Information provided:
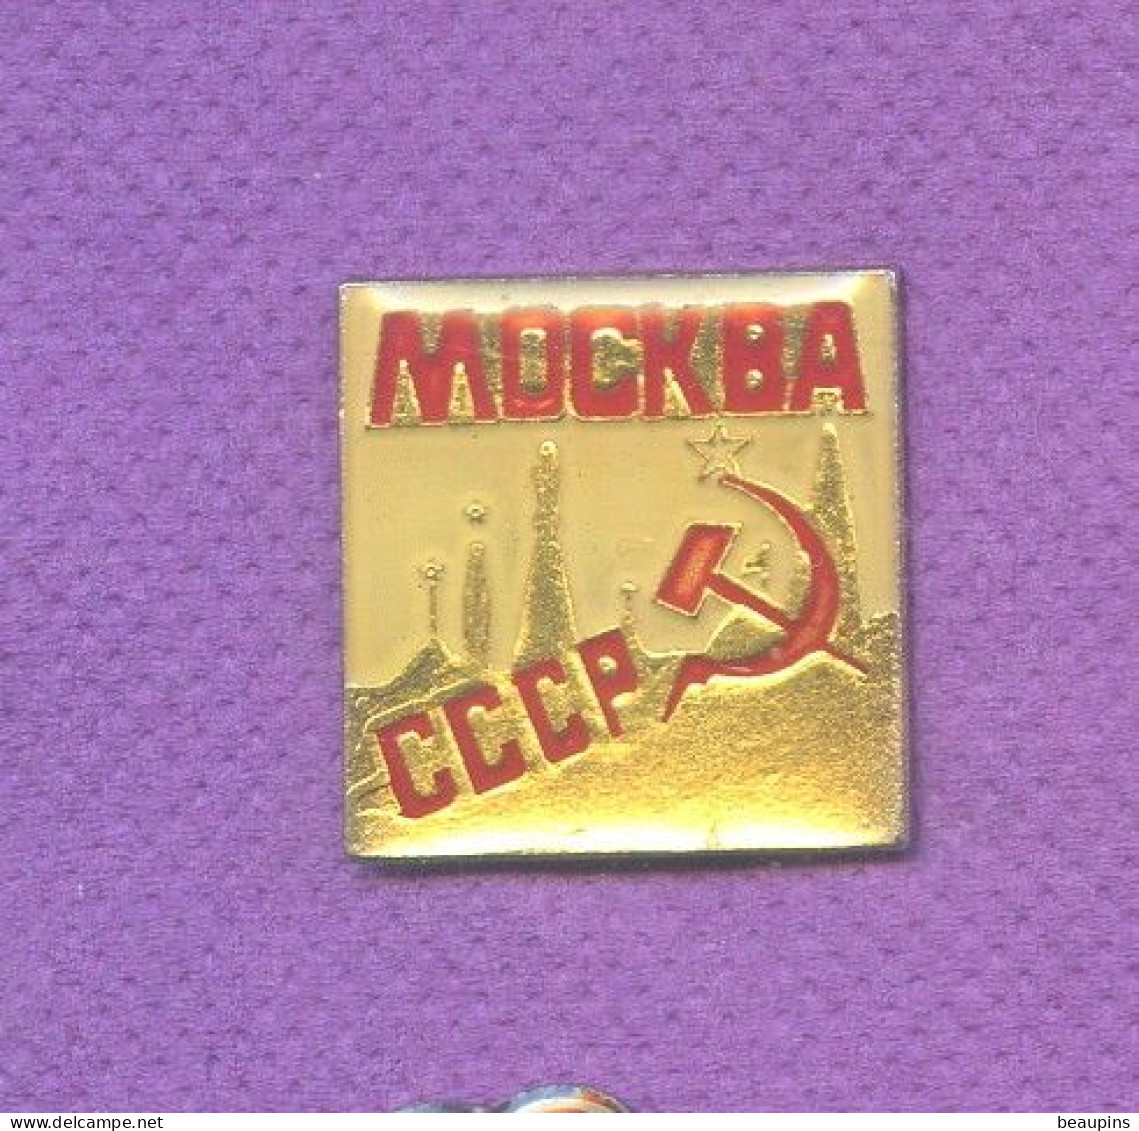 Rare Pins Russie Urss Cccp Faucille Marteau Politique N329 - Administración
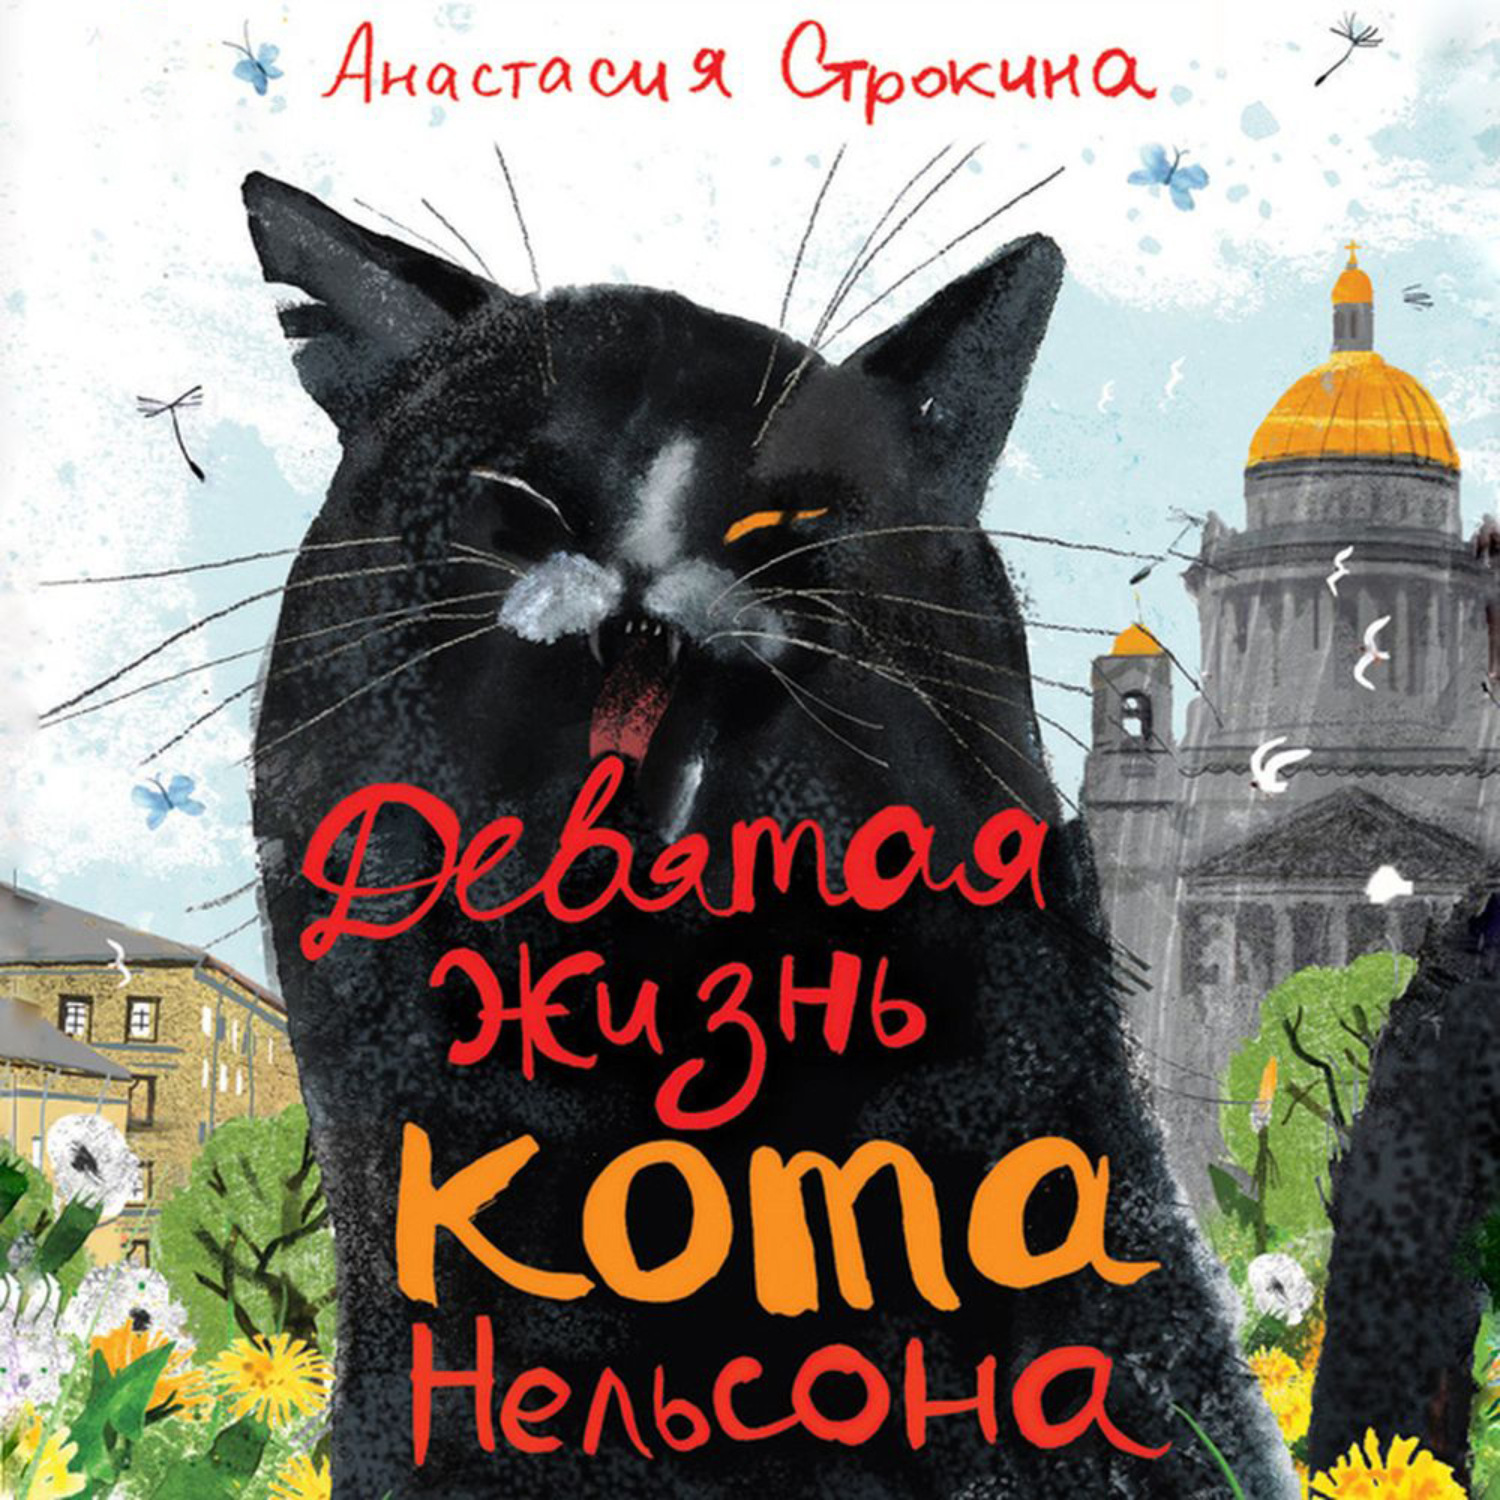 9 жизней московская. Девятая жизнь кота Нельсона. 9 Жизней кота. Девять жизней кошки книга.
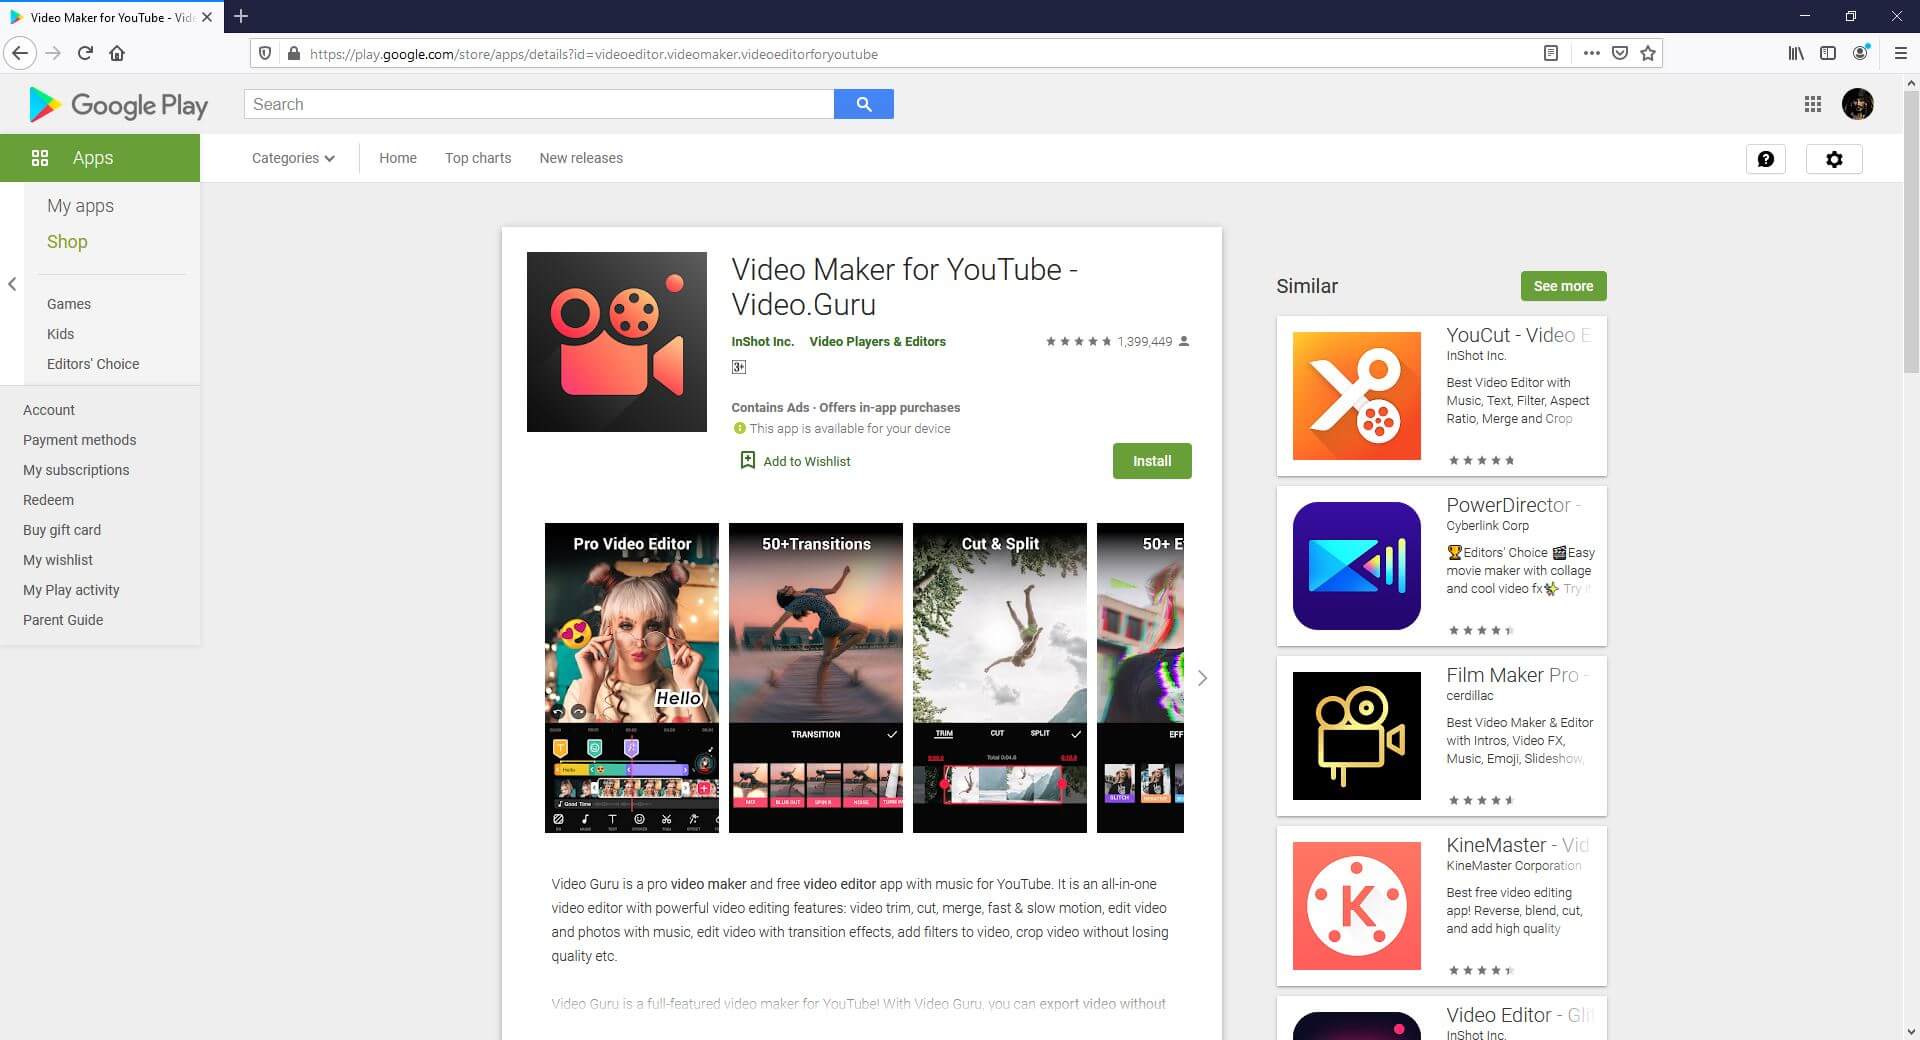 YouTube Shorts Videobearbeitungs-App Video Guru von Inshot

Assignment: Please give again, word for word, the lines from the one containing "9 жизней московская." through the last line of the listing above, inclusive, and leave out pictures.

Solution for this task:
 9 жизней московская. Девятая жизнь кота Нельсона. 9 Жизней кота. Девять жизней кошки книга.
 YouTube Shorts Videobearbeitungs-App Video Guru von Inshot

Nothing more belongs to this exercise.